Please transcribe the lines below exactly, and leave every image behind.

[Raw data Boundary: Start]

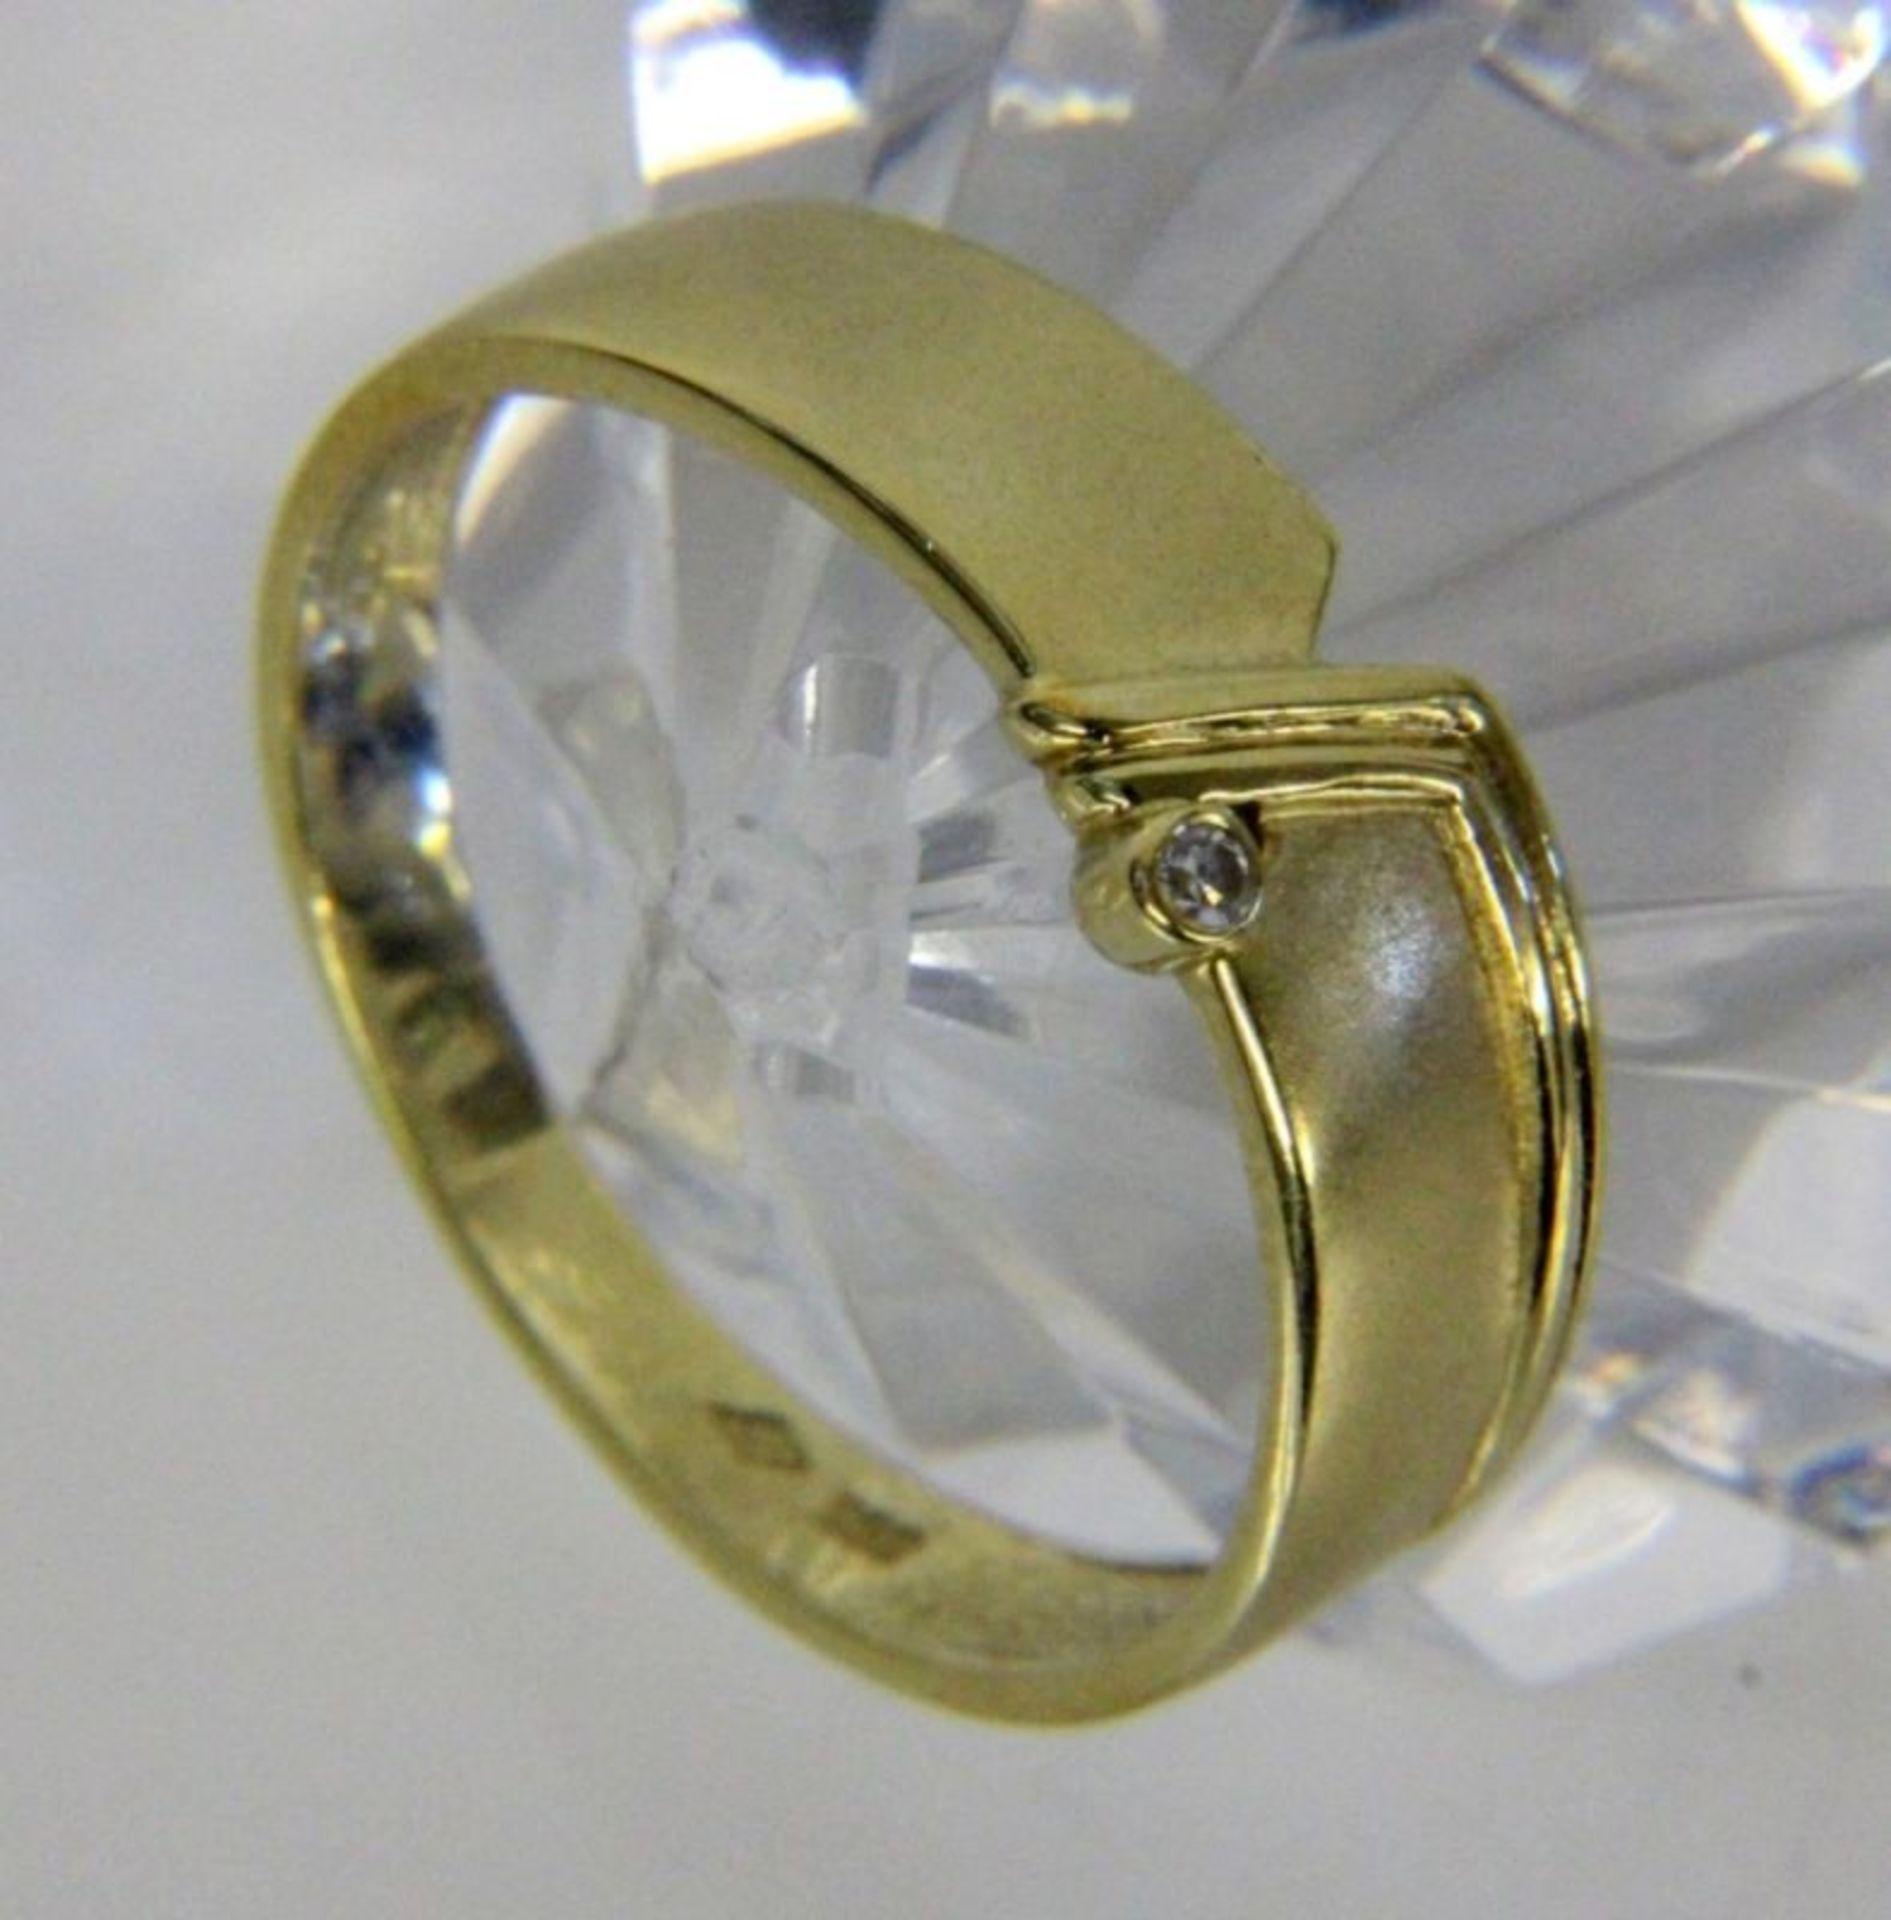 DAMENRING585/000 Gelbgold mit kleinem Brillant. Ringgr. 56, Brutto ca. 4,1gA LADIES RING 585/000
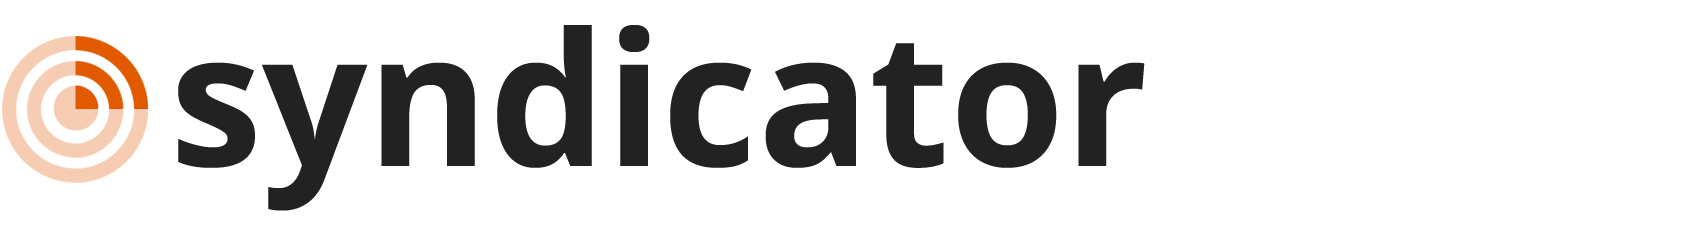 rss_syndicator_logo
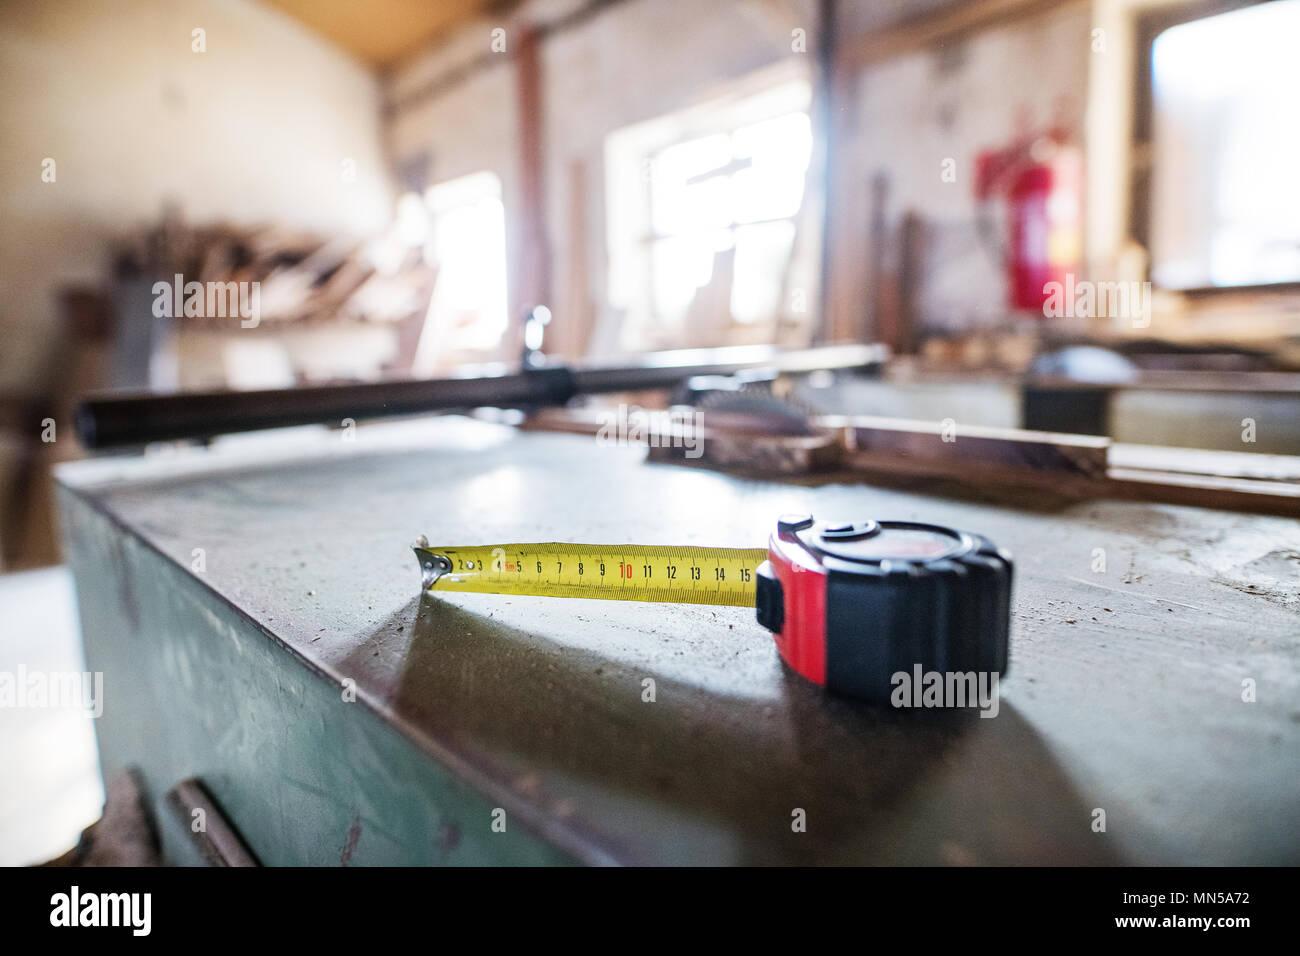 Aflexible ruler in carpentry workshop. Blurred background. - Stock Image

[Raw data Boundary: End]

## Solved exercise
 DAMENRING585/000 Gelbgold mit kleinem Brillant. Ringgr. 56, Brutto ca. 4,1gA LADIES RING 585/000
 rss_syndicator_logo
 Aflexible ruler in carpentry workshop. Blurred background. - Stock Image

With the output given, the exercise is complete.